Gli episodi di antisemitismo mascherati da antisionismo continuano a manifestarsi nel mondo dello sport. La controversia sull’identità di genere di Imane Khelif ha dominato le discussioni olimpiche, ma pochi si aspettavano che Israele fosse coinvolto nella questione. Il direttore sportivo del Comitato Olimpico algerino Yacine Arab ha accusato una “lobby sionista di voler distruggere” la pugile dal mistero sotto la cintura.
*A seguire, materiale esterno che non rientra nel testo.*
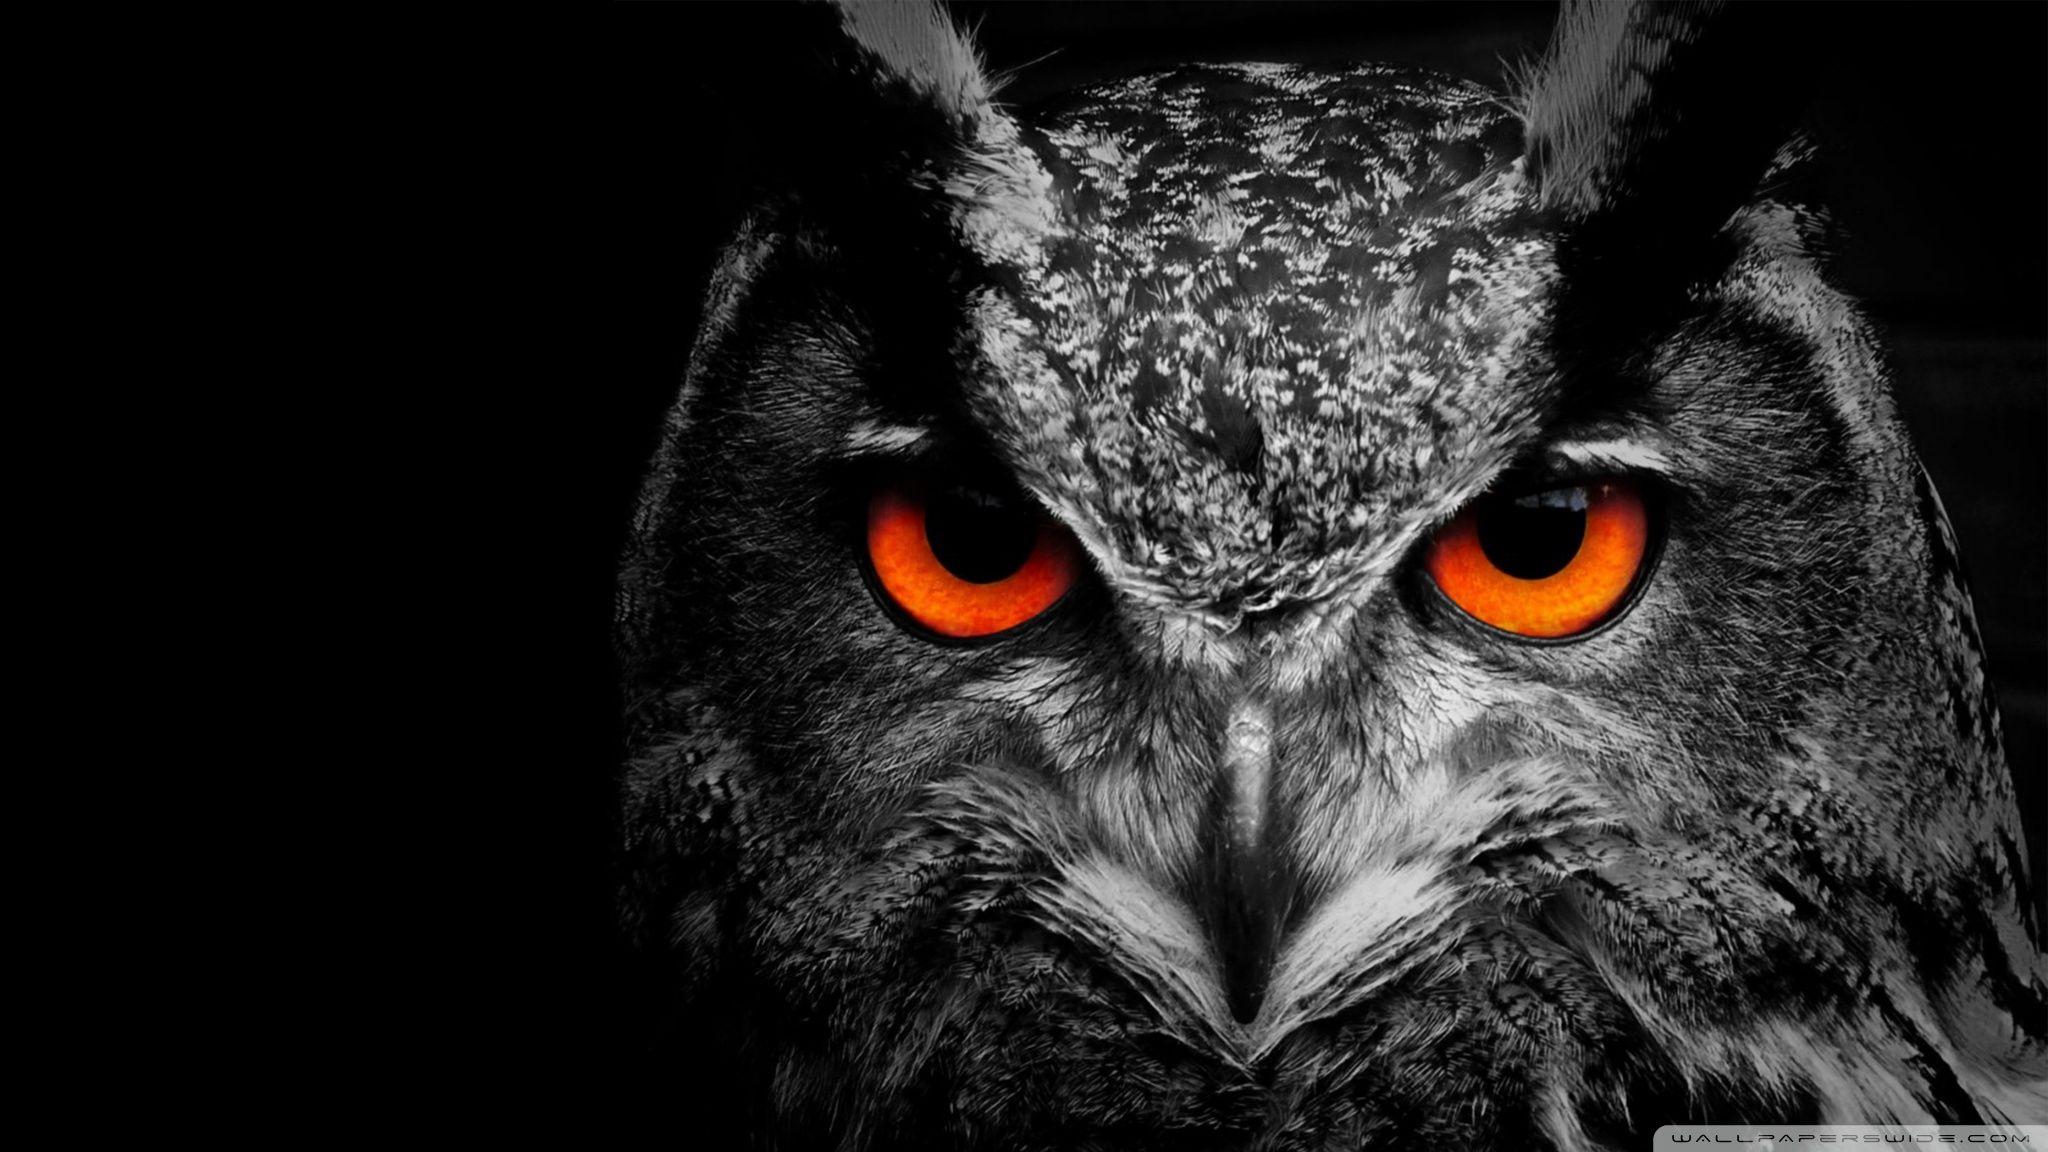 Owl Eye ❤ 4K HD Desktop Wallpaper for 4K Ultra HD TV • Wide & Ultra

Intervistato dal giornale Sydney Morning Herald alcuni giorni fa, Arab ha puntato il dito contro Israele e gli ebrei: “La lobby sionista vuole spezzare lo spirito di Khelif, ma lei è forte. Non vogliono vedere una donna araba o musulmana avere successo nella boxe”. Non è la prima volta che si sente puzza di antisemitismo nelle ireniche Olimpiadi.
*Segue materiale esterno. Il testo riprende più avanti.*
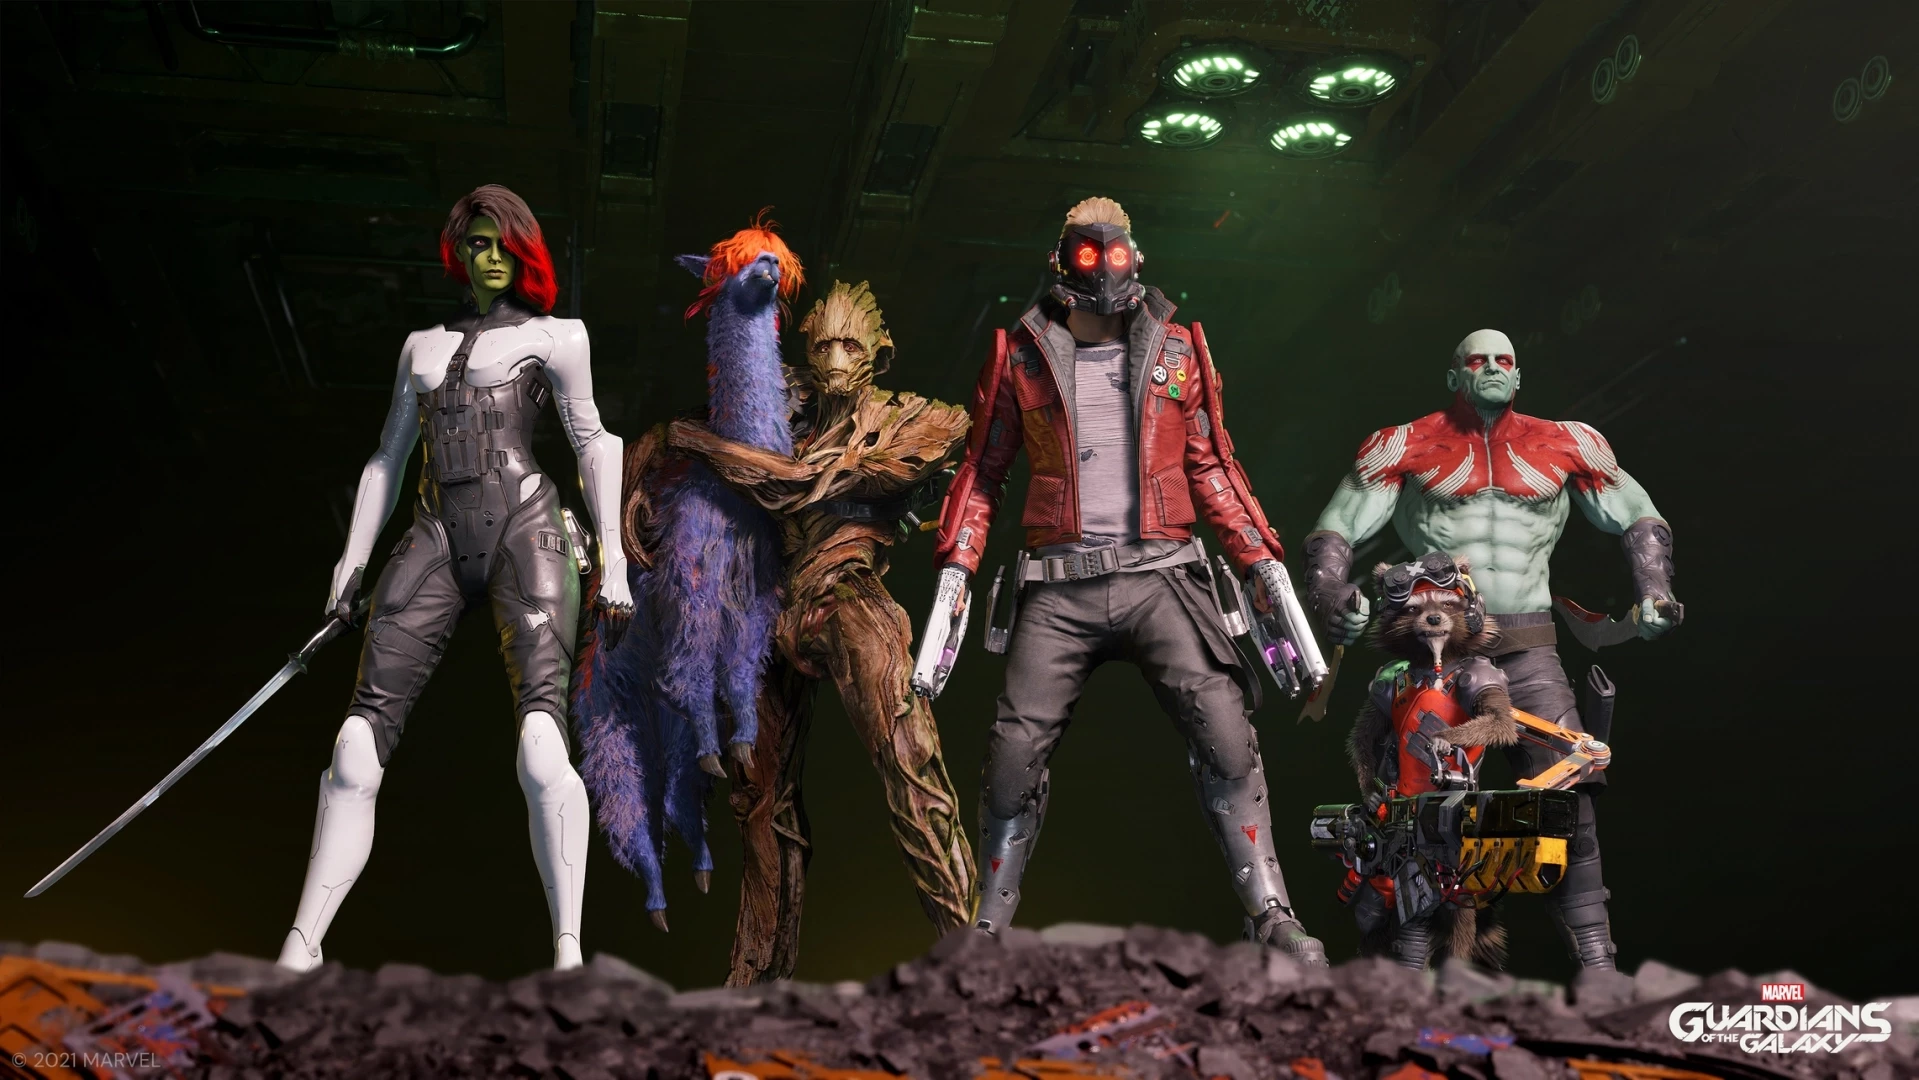 Marvel's Guardians of the Galaxy voor de PlayStation 5 kopen op nedgame.nl

Sono molti gli episodi che assumono una dimensione geopolitica e antisemita, riflettendo una tendenza all’uso di retoriche anti-israeliane per giustificare atteggiamenti discriminatori. Il massacro delle Olimpiadi di Monaco nel 1972 non è servito a nulla, gli episodi contro gli atleti israeliani proseguono. È antisemitismo. Odio profondo verso il popolo ebraico, odio ancestrale, duro a morire, perché “the longest hatred”, lo definiva il professor Robert Wistrich.

Lo spot iraniano

L’8 agosto, durante la trasmissione delle Olimpiadi, il canale televisivo statale iraniano Ofogh ha trasmesso uno spot in cui un atleta israeliano, coperto di sangue, macchia gli altri olimpionici che cercano di stringergli la mano.

I precedenti

Ad Atene nel 2004, il judoka iraniano Arash Miresmaeili, pur essendo uno dei favoriti, venne squalificato per aver superato il limite di peso della sua categoria. La sua decisione di non gareggiare contro l’israeliano Ehud Vaks fu giustificata come un atto di solidarietà con il popolo palestinese, suscitando polemiche a livello internazionale.
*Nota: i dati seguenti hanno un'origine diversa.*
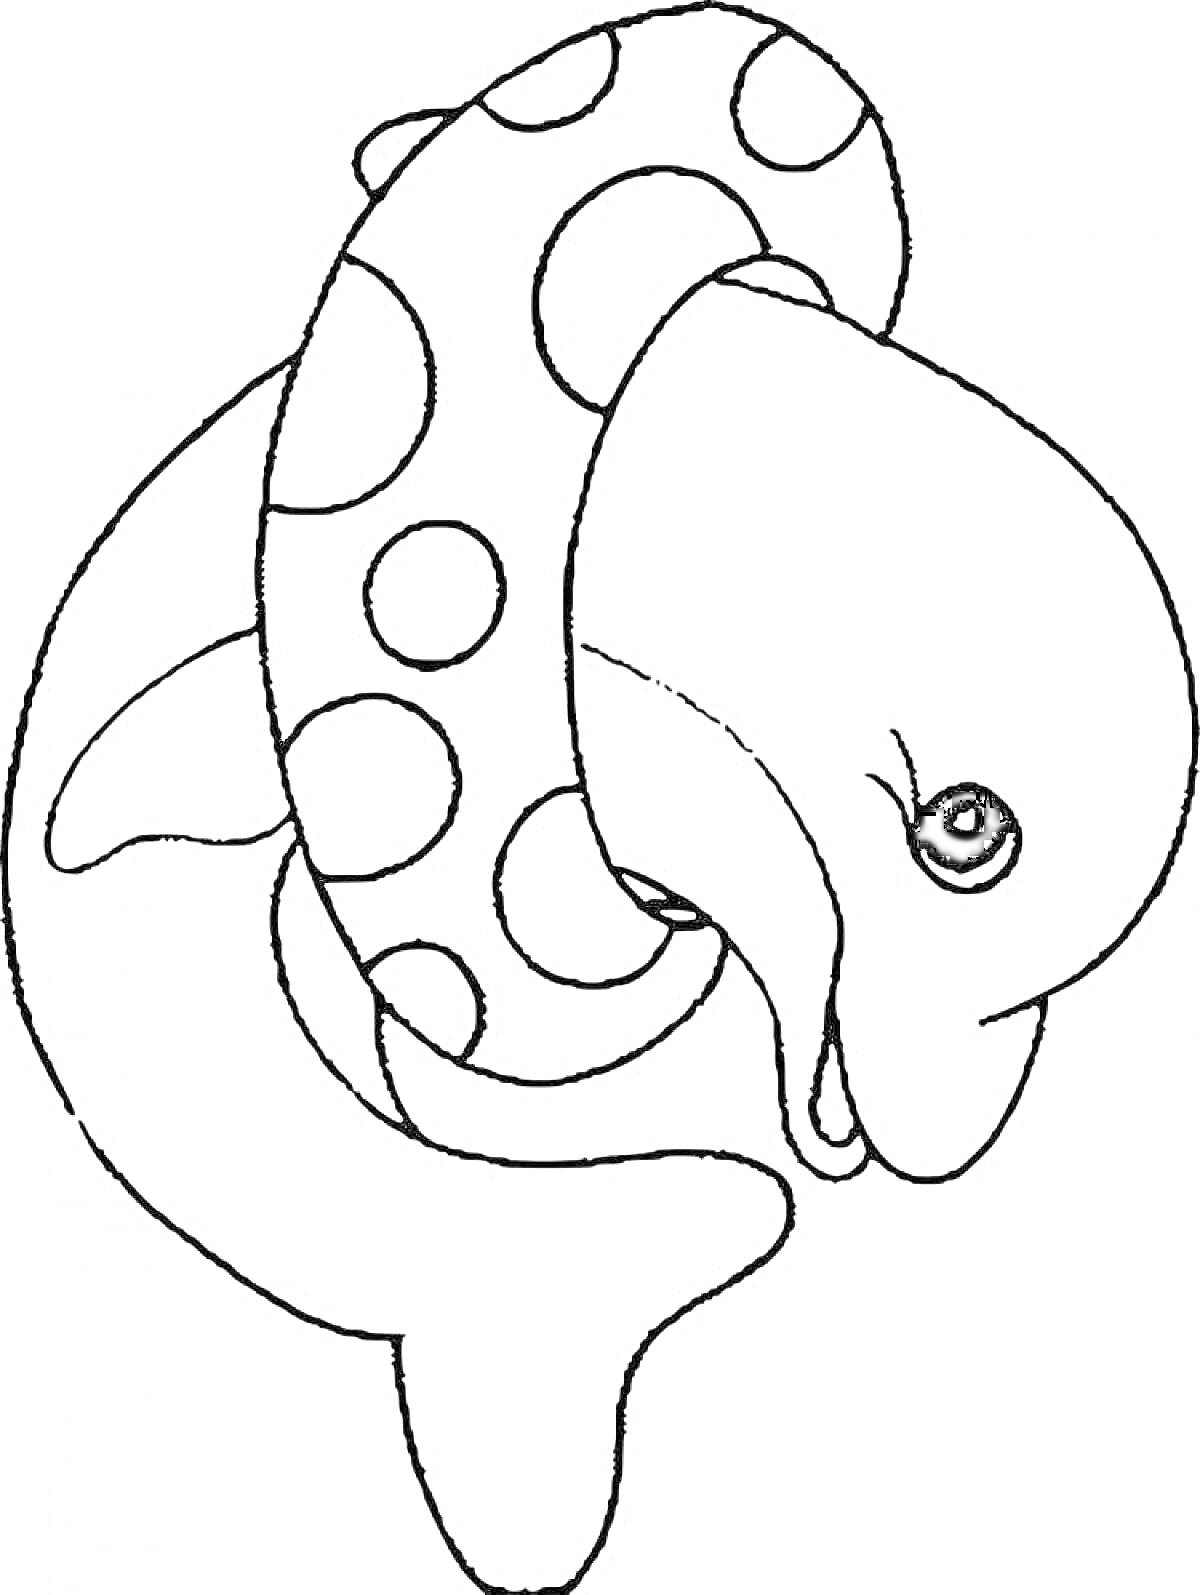 Раскраска Дельфин с кругом для плавания

Nel 2008, alle Olimpiadi di Pechino, il nuotatore iraniano Mohammad Alirezaei si ritirò improvvisamente prima di affrontare l’israeliano Tom Be’eri. Sebbene le autorità iraniane citassero motivi di salute, era evidente che la scelta fosse dettata dalla volontà di evitare un confronto sportivo con un atleta israeliano. Questo atto venne applaudito dall’allora presidente iraniano Mahmoud Ahmadinejad, che, tra le altre dichiarazioni, parafrasando Khomeini affermò che “il regime occupante di Gerusalemme deve essere cancellato dalla pagina del tempo”, utilizzando il termine bayad, che indica un dovere, un obbligo.

Discriminazioni simili si verificarono anche a Londra 2012, con il ritiro del judoka iraniano Javad Mahjoub, e a Rio 2016, dove il judoka egiziano Islam El Shehaby rifiutò di stringere la mano all’israeliano Or Sasson dopo la sconfitta. A Rio, la squadra libanese impedì agli atleti israeliani di salire sullo stesso autobus per la cerimonia di apertura, evidenziando un rifiuto della coesistenza persino in un contesto di festa e celebrazione.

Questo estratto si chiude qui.